La Tenda del Silenzio

Massima attenzione si è sempre posta all’uso del linguaggio e la carta vincente è stata quella di aprire asili e scuole offrendo un’educazione bi-lingue, con insegnanti ebrei e arabi. La prima classe contava solo 11 bambini, poi i numeri sono cresciuti e negli anni Novanta la scuola si è aperta anche al territorio.

Intanto sono nati il Giardino dei Giusti, la Tenda del Silenzio e altre strutture. Negli ultimi 20 anni le scuole sono state frequentate da 300 studenti all’anno e attualmente nel villaggio vivono un centinaio di famiglie equamente distribuite tra arabi ed ebrei. Grazie all’associazione “Mano nella mano”, l’esperienza di Neve Shalom si sta diffondendo anche in altre zone. Non mancano studiosi e pubblicazioni su questo modello di convivenza.

Cosa resta del viaggio

La Messa conclusiva a Neopolis

I pellegrini sono rientrati la sera del 21 marzo portando con sé un ricco bagaglio di testimonianze, racconti, esperienze, riflessioni ed emozioni, dopo aver vissuto serate di confronto anche tra loro e momenti di preghiera di intercessione per la pace pur nei pochi giorni a disposizione. Nessuna pretesa di sentirsi “costruttori di pace”, ma solo piccolo seme di presenza e di condivisione in questo tempo di buio per la Terra Santa.

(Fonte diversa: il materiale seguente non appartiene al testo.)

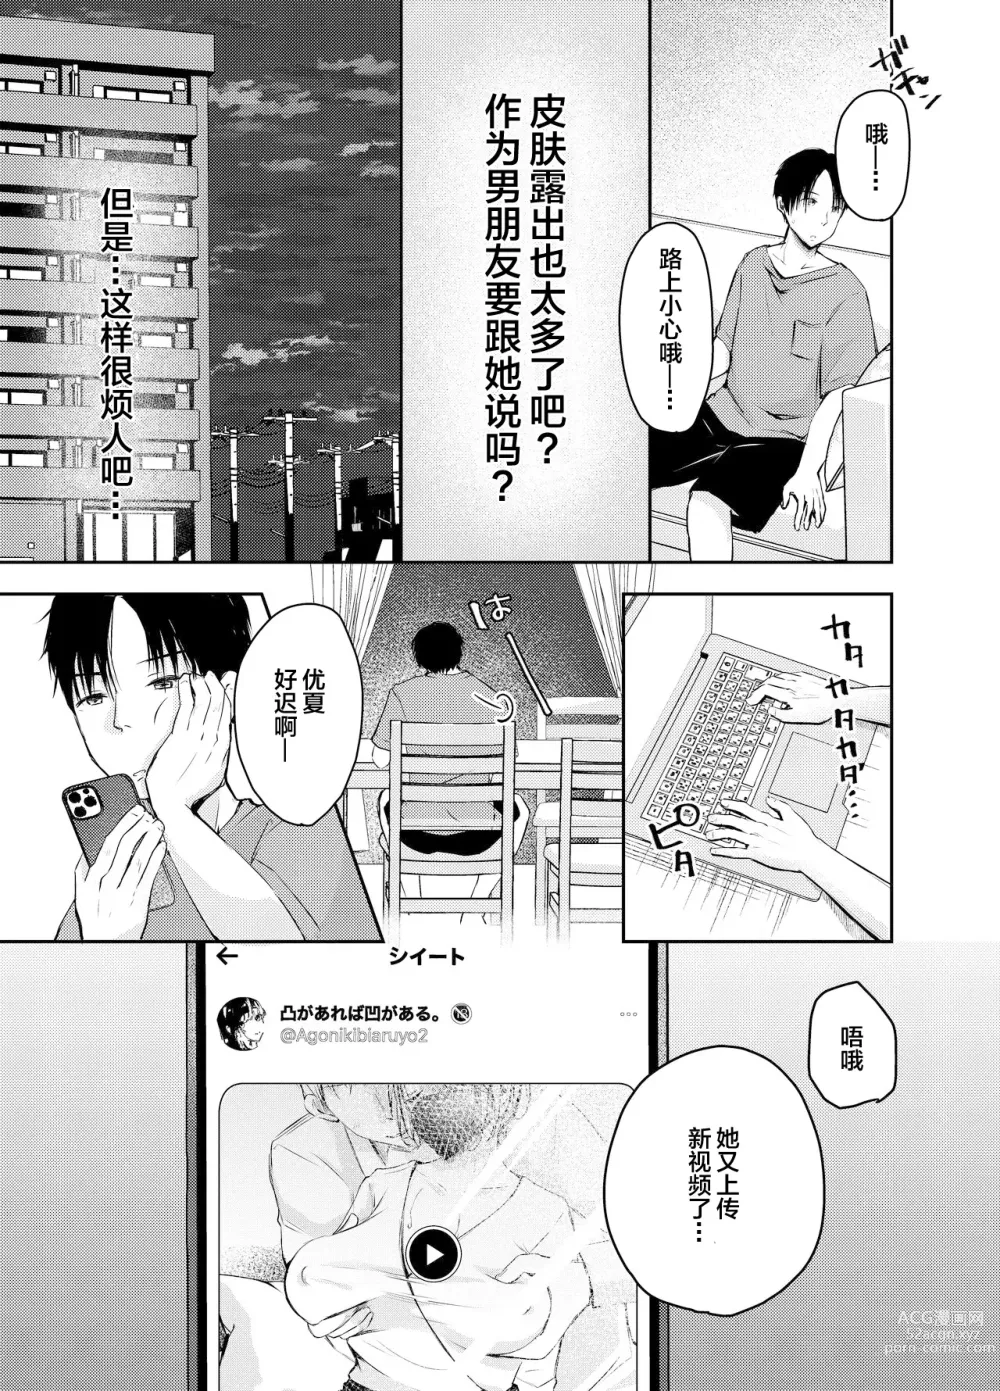 Page 12 of doujinshi Ore no Kanojo ga Hamedori suru Hazu ga Nai.

«Questo pellegrinaggio – dice Paolo Dell’Oca al rientro in Italia – ha riportato all’attenzione del mio cuore il valore dell’ascolto di ogni punto di vista e la non scontata gratitudine espressa da parte di persone che non incontrano pellegrini da ottobre. Mi ha stravolto l’oscurità che ho riscontrato nelle prospettive per le abitanti e gli abitanti della Terra Santa. Le testimonianze che abbiamo avuto il dono di ricevere mi hanno impressionato per la forza d’animo dimostrata nonostante una sofferenza di mesi. Credo che il nostro stesso viaggio sia stato una piccola preghiera di intercessione e di pace, e quanto bisogno ci sia di educarci alla speranza e di seminare».

Parole di riconoscenza hanno espresso tutti gli interlocutori che dall’ottobre scorso non hanno più visto turisti e gruppi arrivare nella terra di Gesù. Nessun rappresentante ha chiesto aiuti concreti o sostegno economico, ma a gran voce tutti incoraggiano il ritorno dei pellegrini perché la situazione a Gerusalemme è tranquilla e la popolazione ha solo bisogno di lavorare e tornare alla normalità.